As Oakland burns and Republican pundits and politicos gear up for a new conservative counterrevolution, it’s important to remember that it was not too long ago when the critique du jour of Occupy Wall Street was its lack of a cohesive policy platform (never mind the fact that this is in fact among the most trite of the commentariat’s stock criticisms of every protest movement—including the Tea Party). These days, however, one hears less of this line of argument—inane as it was—as the allegation of choice seems to have shifted to one of subversive class warfare.
The ostensibly Democratic pollster Douglas E. Schoen ’74, for example, condemned the movement as one that “reflects values that are dangerously out of touch with the broad mass of the American people—and particularly with swing voters who are largely independent and have been trending away from the president since the debate over health-care reform.

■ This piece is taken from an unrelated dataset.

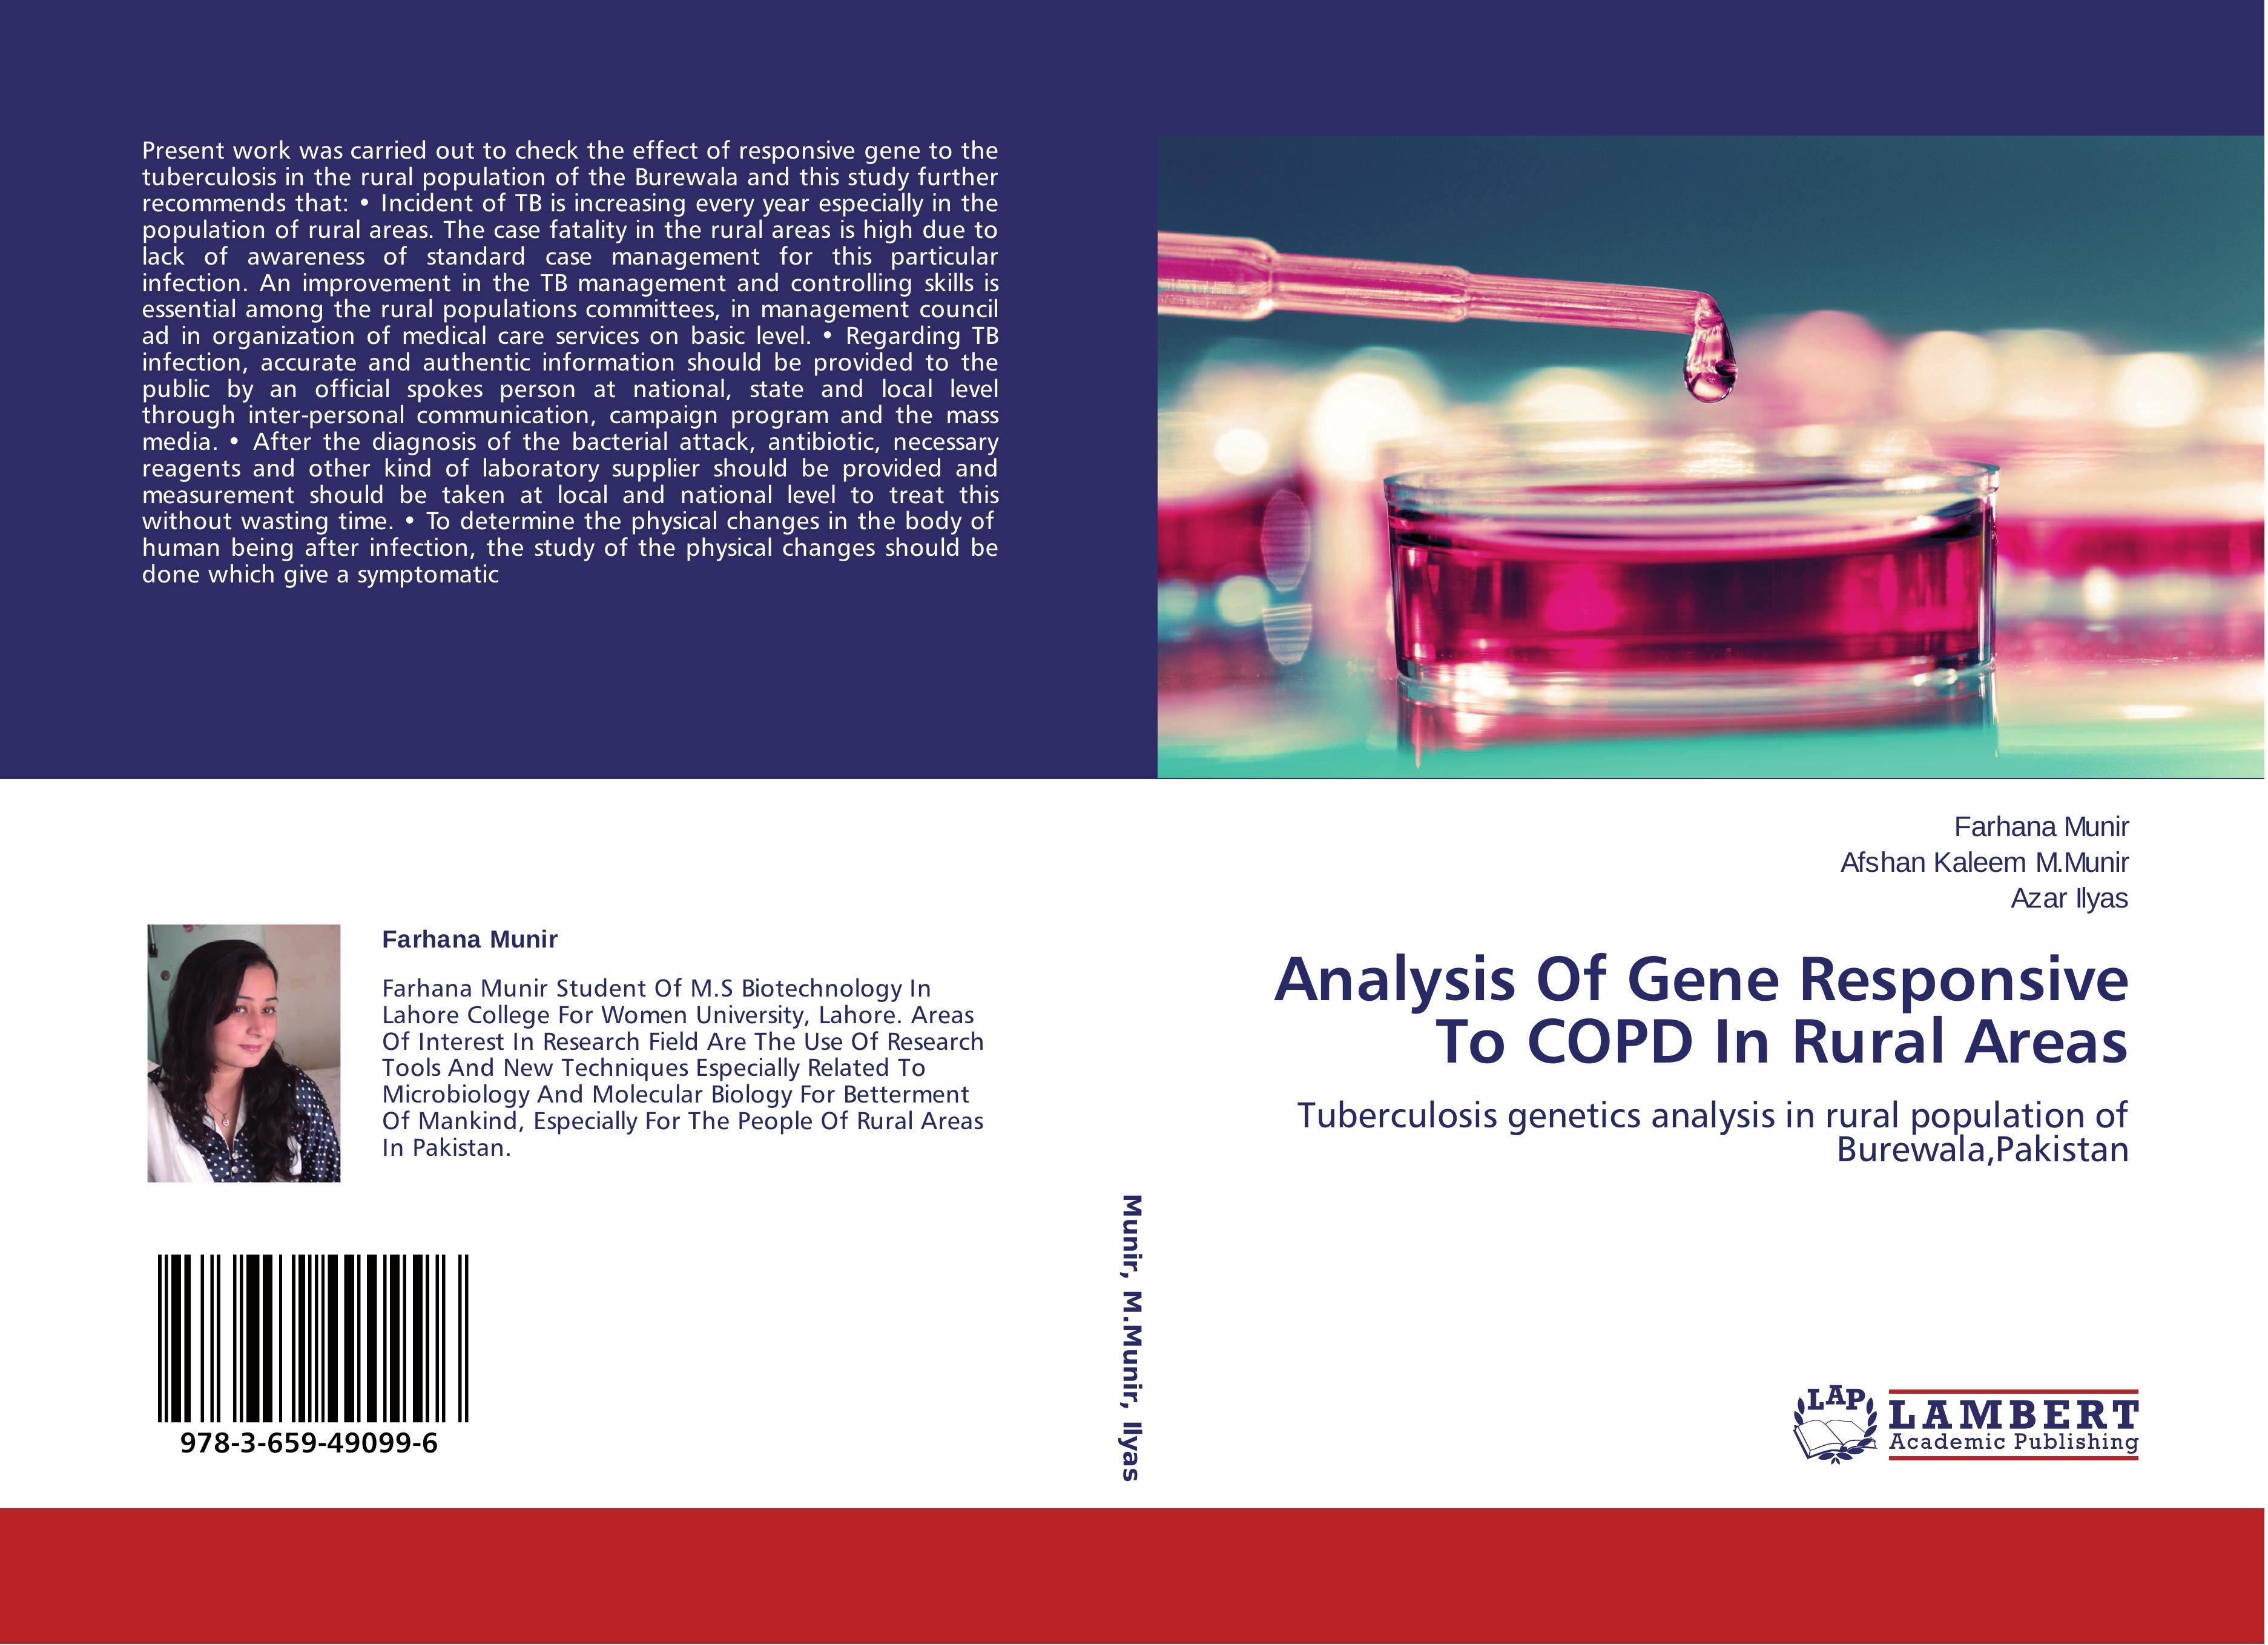 Analysis Of Gene Responsive To COPD In Rural Areas - Farhana Munir Afshan Kaleem M.Munir Azar Ilyas

The protesters have a distinct ideology and are bound by a deep commitment to radical left-wing policies…it comprises an unrepresentative segment of the electorate that believes in radical redistribution of wealth, civil disobedience and, in some instances, violence.”
That Schoen, a “Democratic” Fox News analyst who opposes Obamacare and has earnestly suggested that President Obama should not seek reelection, was able to arrive at this conclusion on the basis of a poll that found that only four percent of Occupiers wished for the “radical redistribution of wealth”—less than the five percent favoring a flat tax—is a remarkable achievement. Somehow, Schoen interpreted a poll in which only three percent of Occupiers express opposition to capitalism—as opposed to the nearly 80 percent decrying the influence of special interests, stagnant middle class wages, partisanship, unemployment, income inequality, corruption, and entrenched bureaucracy—as evidence of pervasive opposition to the free market.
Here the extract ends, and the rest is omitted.